First, even though in the Shirur Mutt case the Court said that what is essential to a religion must be seen from the prevailing customs of that religion, it has not, in subsequent cases, shied away from getting into the details of the religious practices that are placed before it and ascertaining for itself whether such a practice is essential to a religion or otherwise. In that context, it has propounded more doctrines, including that mere superstitions and beliefs cannot be considered as central to a religion. It has done this not only in the case of Hindu beliefs, but also Islamic beliefs. Courts have done so in spite of the asymmetry contained in Article 25(2)(b) that mandates a greater scrutiny of the access rights of Hindus to temples, as compared to the access rights of Muslims to Mosques and Dargahs. Thus, its judgments have touched both the Hindu and the Muslim religions and their denominations. In addition, right from the very beginning, the Supreme Court has also drawn clear borders around terms such as ‘religious denomination’ thus disallowing the tendency for self selected champions of orthodoxy to seek protection and flexibility as a religious denomination’.

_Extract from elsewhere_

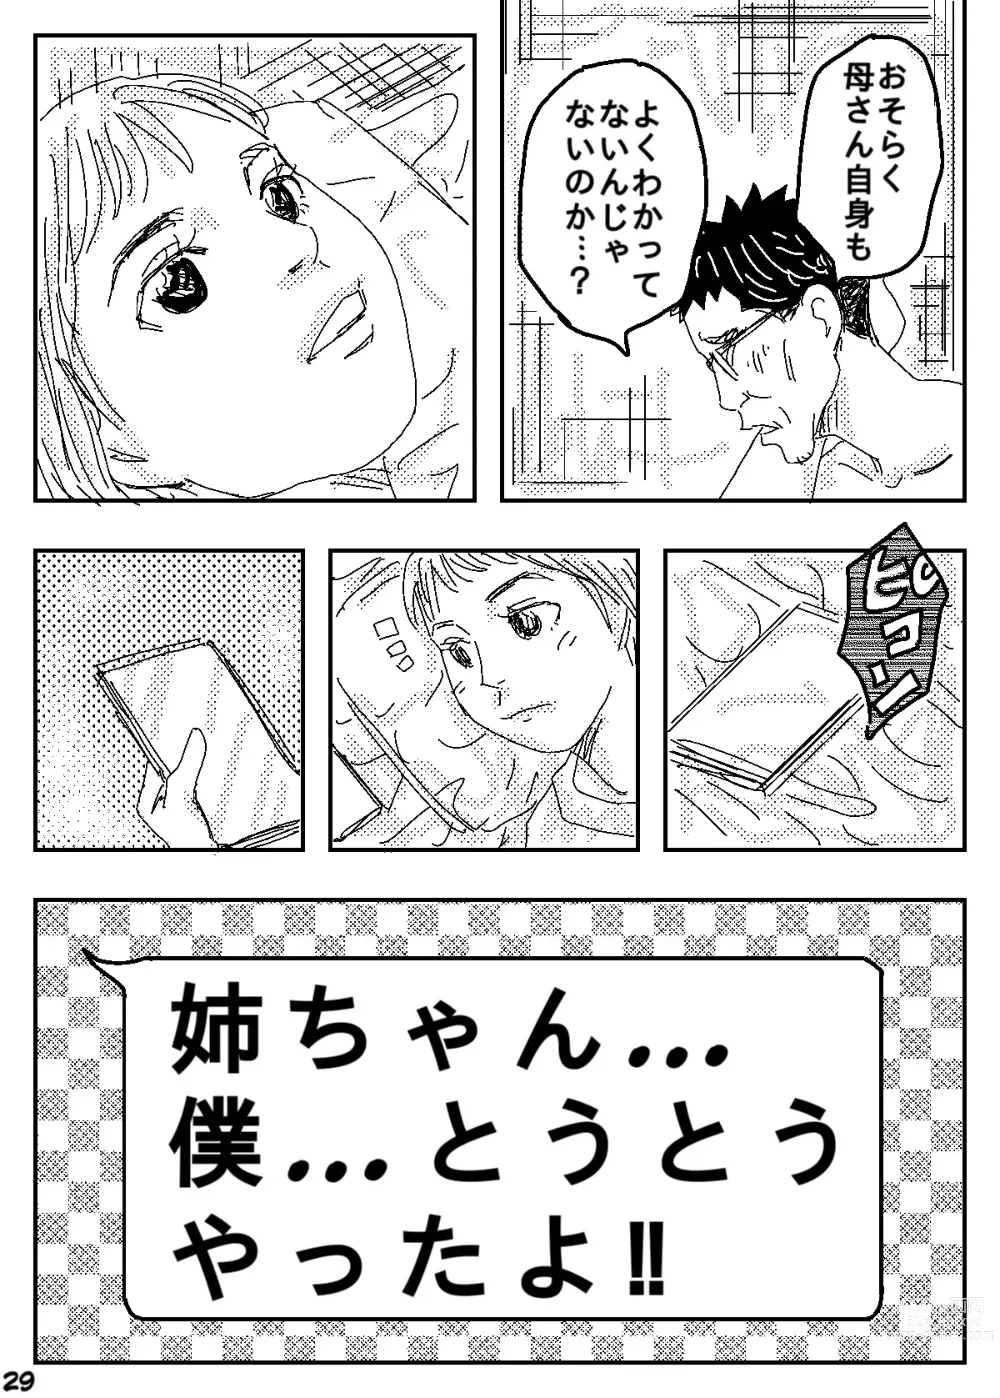 Page 29 of doujinshi Gesu no Kiwami Kazoku

However, there has been another trend that emerged as well, with respect to the value given to individual rights over community beliefs. In the initial years, the Shirur Mutt doctrine was diluted by the decision in the Goud Saraswat case, where the people of the latter community were able to keep Dalits out of a temple and that was upheld by the Supreme Court in the judgment of Justice Venkatrama Iyer. However, beginning with the dissenting judgment of Justice Sinha in the Dawoodi Bohra case, there has been a greater recognition of individual rights over the so called collective rights of the community. This approach has found more and more strength, as the courts have now become emboldened to place constitutional values, dignity of individuals and social equality on a higher pedestal than religious claims. The Triple Talaq judgment is an excellent example of this approach of the Supreme Court.

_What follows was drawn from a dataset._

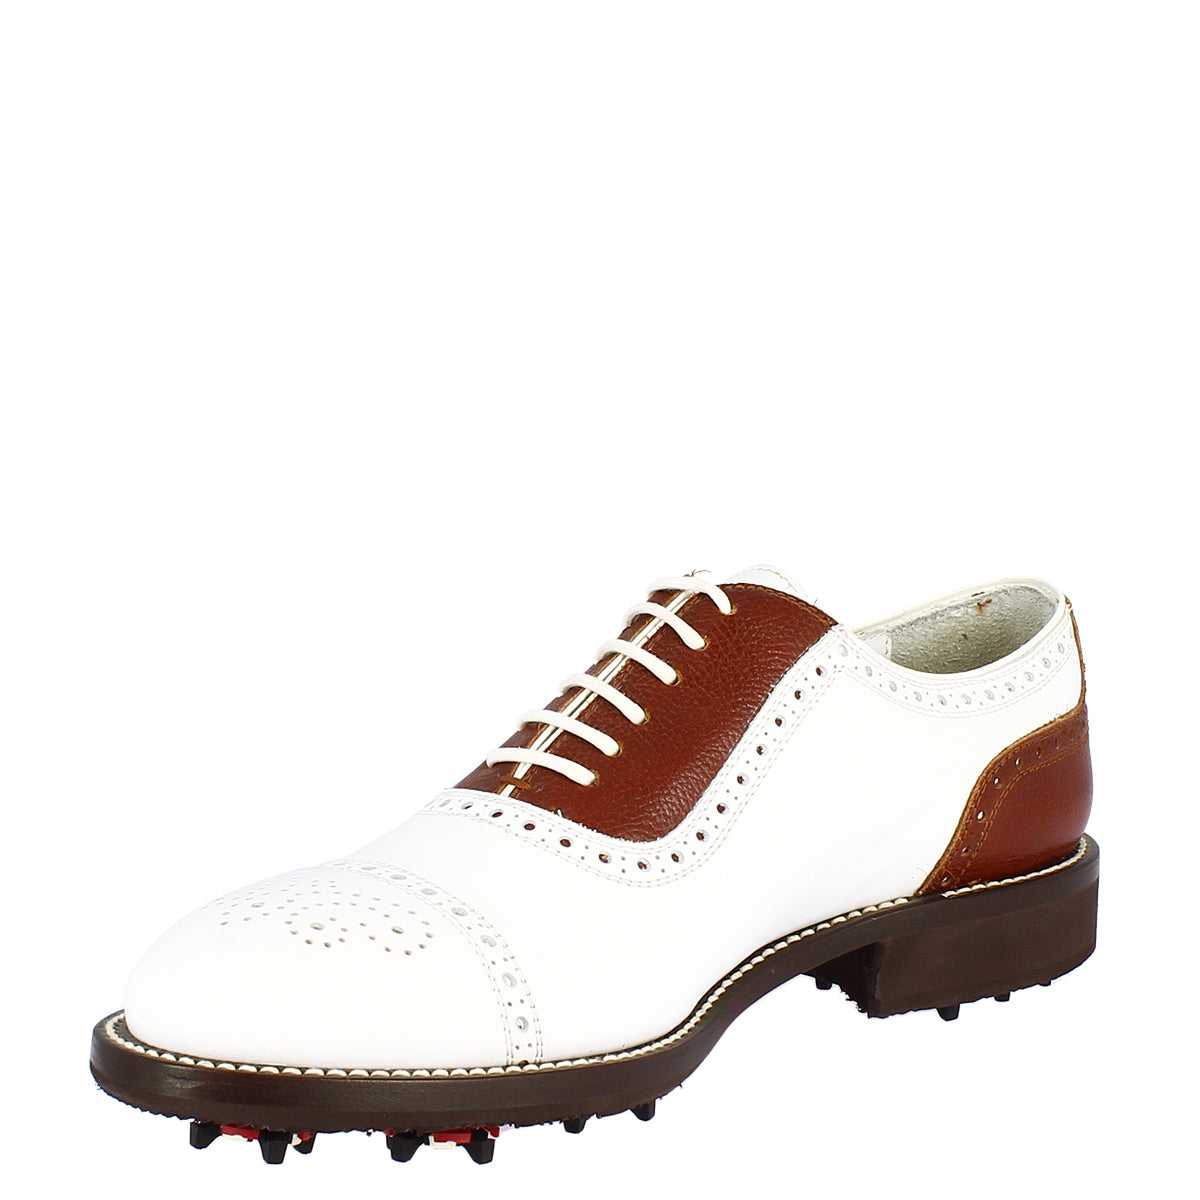 Handgefertigte klassische Herren-Golfschuhe aus weißem Leder in Braun

Thus, for all those who claim that the decision of the Court in the Sabarimala case is an example of judicial overreach, it is not. It is the next step in an evolving area of jurisprudence, where the reasonings of earlier judgments have been considered and applied, by 4 judges as opposed to one dissenting judge. This approach has found excellent expression in the judgment of Justice Chandrachud, which I would invite all of you to read.

Second, the list of precedents would show that the court has equally passed judgment on cases that concern Islam. So at least on that count, there is an answer to those who erroneously argue that there is too much interference in the Hindu religion by courts and much less in Islam.